Thanks BDL......I actually settled on my 1st "good knife" based on yours and others info/advice and my own "gut" feelings...went with RA 210 AEB-L, FKM 150 petty, ITK bread, and a Victorinox 3.25in paring.

I think I'm good in everything else except for sharpening "system"... I feel more confident with the CC.....but wonder if I should give freehand a shot......with NO prior sharpening experience I imagine for the 1st year or so I would be a fair to poor sharpener.....How would that equate to the OOTB CC quality....in other words how long for me to get better than the CC sharpening my 3 knives 4 to 6 times a year....I guess the other option is do both....use practice knives on stones and use CC on my new knives until I feel confident. I know everyone has a different learning curve so.....MMMV.........

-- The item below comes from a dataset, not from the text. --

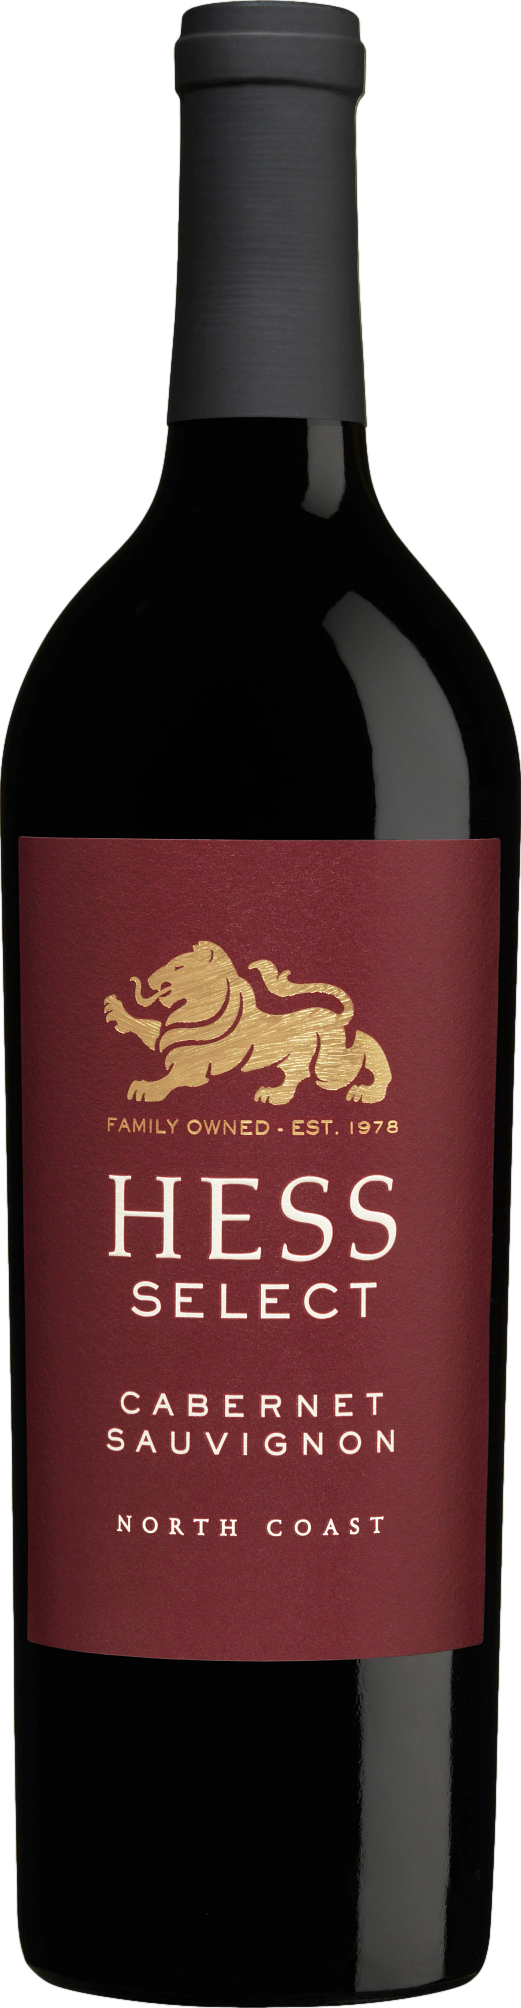 Hess Select Cabernet Sauvignon 2018 Hess Collection 8wines DACH
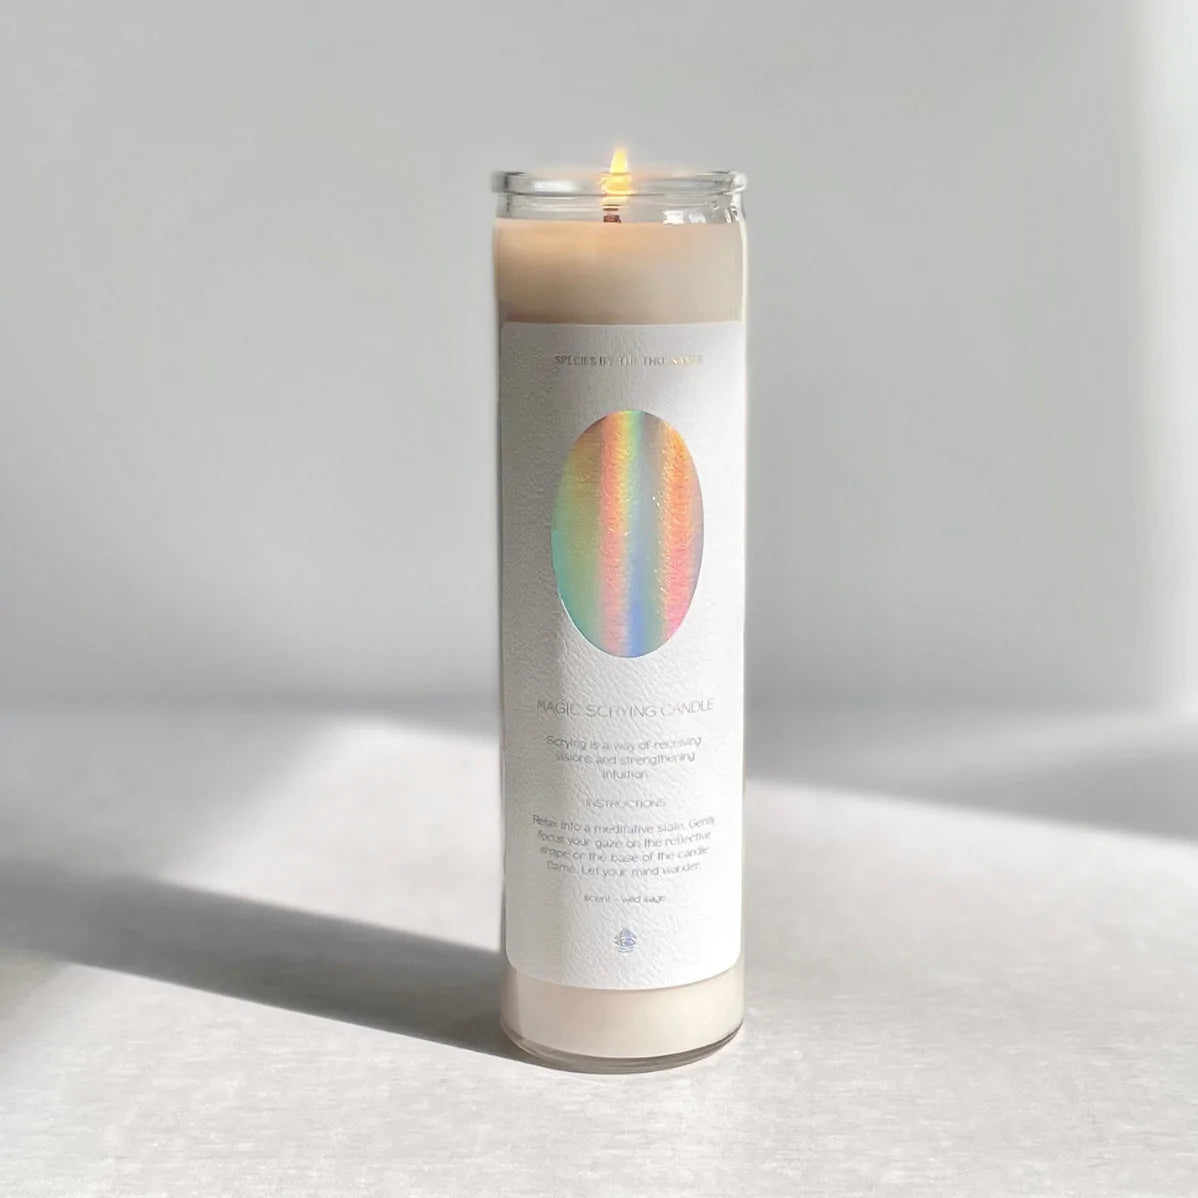 MAGIC SCRYING HANDCRAFTED SOY CANDLE

Again appreciate the help and advice.......and education.


----------



## boar_d_laze (Feb 13, 2008)

That's a very useful knife set.

There are a lot of right ways to freehand sharpen on bench stones. The easiest one to conceptualize is what I call "the burr method." That means learning to create a burr, to detect it, to "chase" it, and to deburr -- creating a fine, fresh-metal edge. There are a couple of very well written FAQs, particularly the one written by Chad Ward posted by eGullet. And Mark Richmond at CKtG and Jon Broida at JKI and both have excellent free video series demonstrating how to do it. There are a couple of forums besides this one for good sharpening advice; and I'll try to help you over the initial hurdles.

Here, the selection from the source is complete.